Posted by: Eliza | December 04, 2007 at 08:37 PM
As for the working from home, even though I would love to do that, I think it would be very stressfull to have to constantly choose between your baby and your work. I can empathize.
p.s. - You have baby eyes. And by that I mean that they are so big, blue and gorgeous. You usually only see babies with eyes like that.
Posted by: just another jenny | December 04, 2007 at 08:51 PM
I have worked from home part-time for the past two years. I did it on my own when my twins (now 2) were infants, but it got harder and harder as they got older and more active. I got a (college student) babysitter right before they turned one, and I'm very glad I did. My babysitter only worked six hours a week, but she saved my sanity and allowed me to be more present with my daughters during the time I spent with them. When my daughters turned two, I put them in a small, home-based daycare two days a week and went back to the office for those two days.

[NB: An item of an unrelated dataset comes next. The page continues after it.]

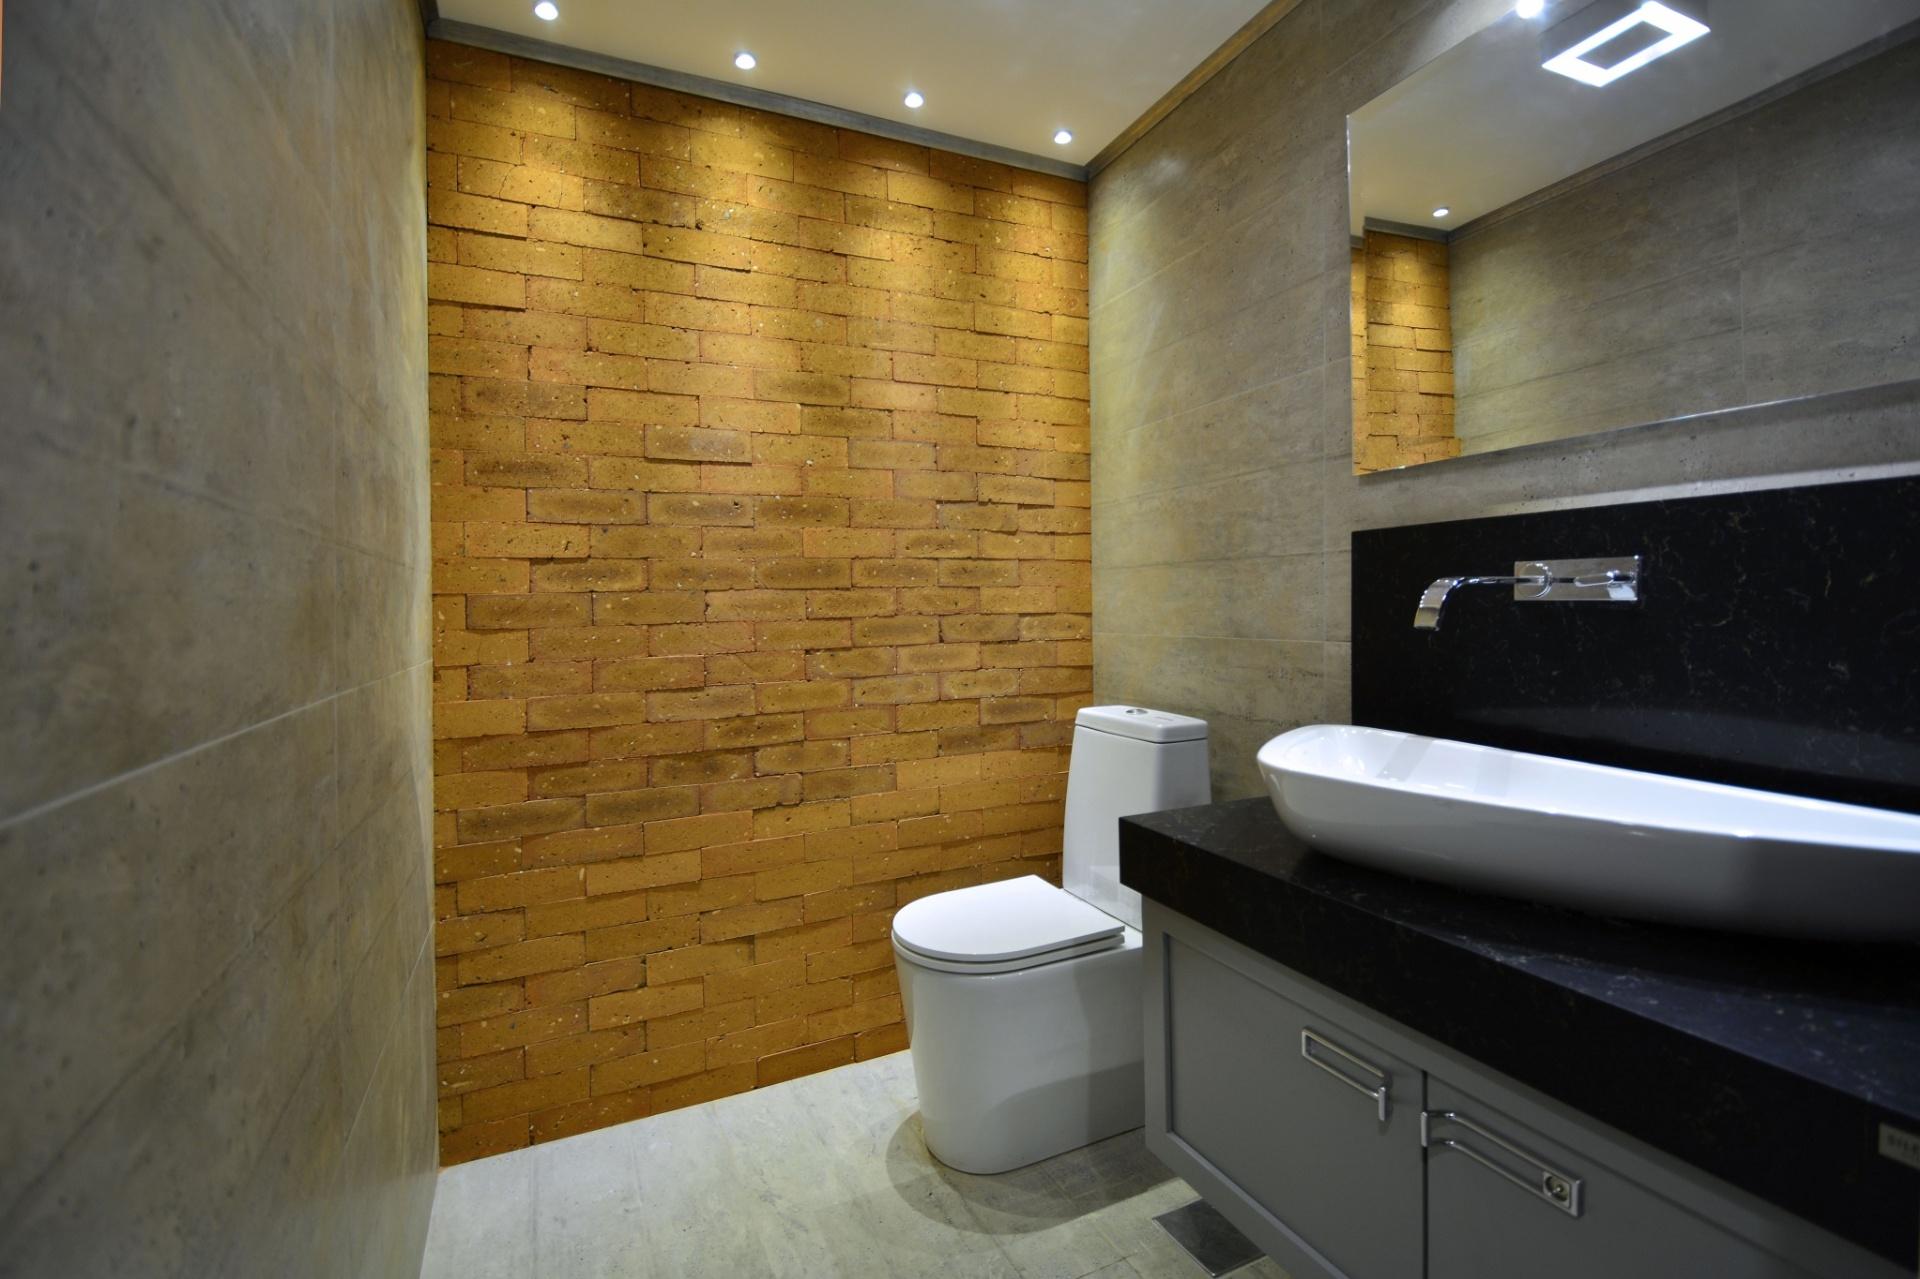 porcelanato que imita concreto e tijolos aparentes. Os tons neutros e  #674D24 1920x1279 Banheiro Cimento Queimado E Pastilhas
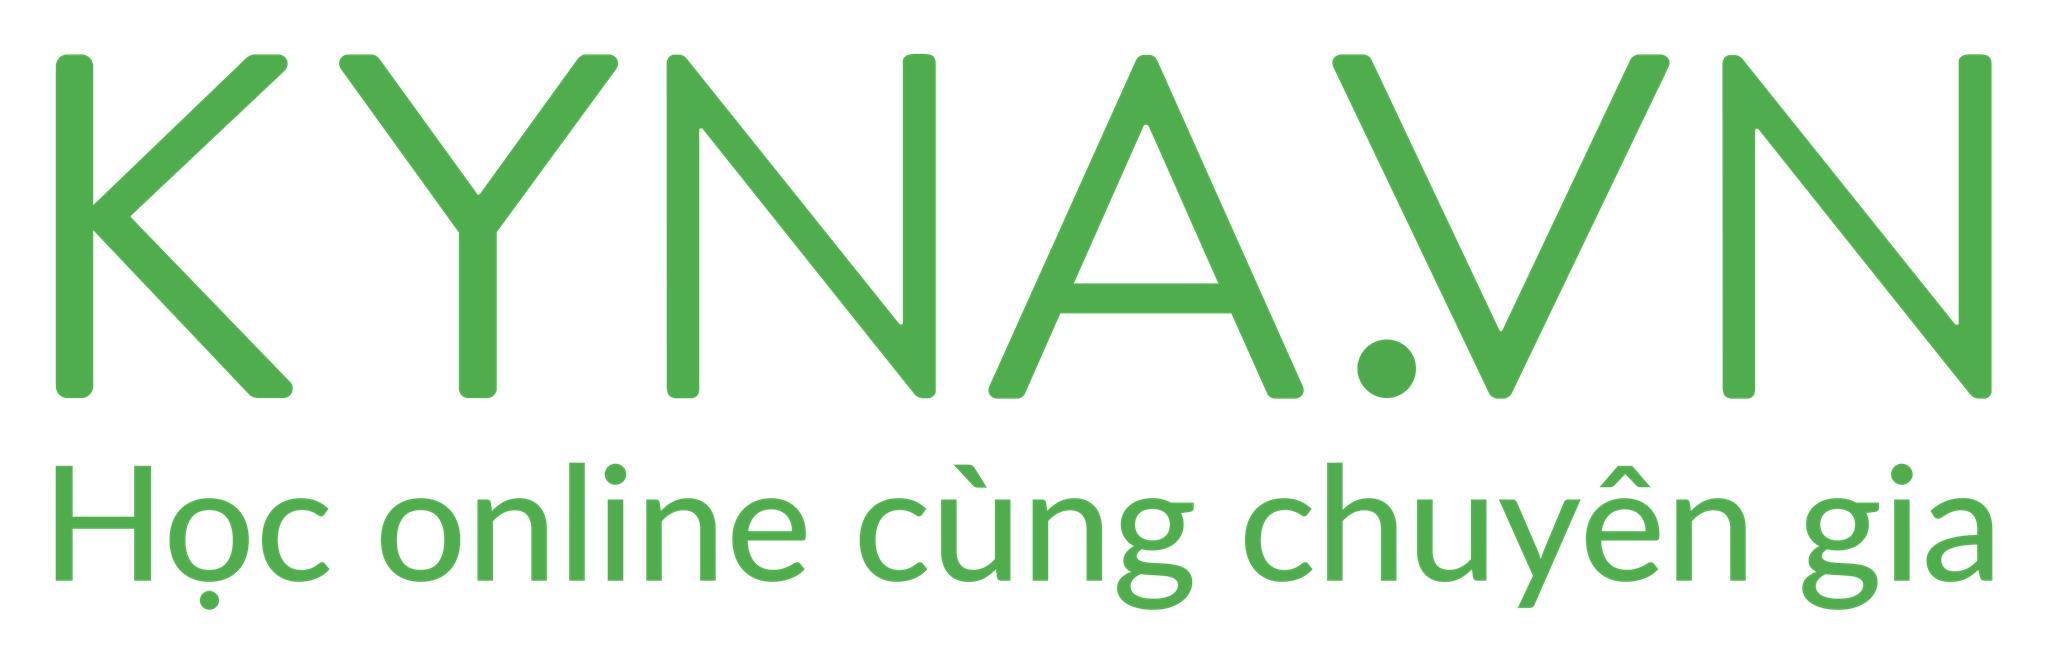 Kyna.vn - Học online cùng chuyên gia

I'm also very glad I did that. They enjoy having other little ones to play with, I feel more like myself again, and I'm way more productive than I was when I worked exclusively from home. I don't usually have to work evenings or weekends anymore (although I'm working tonight because of a deadline).
It is very, very hard to balance working from home with raising a child. For most people, I'd imagine it's next to impossible. As a lot of the other commenters have said, paid child care is a huge help in making it work. I would encourage you to think about hiring someone to watch Tori for a few hours a week so you can focus on working.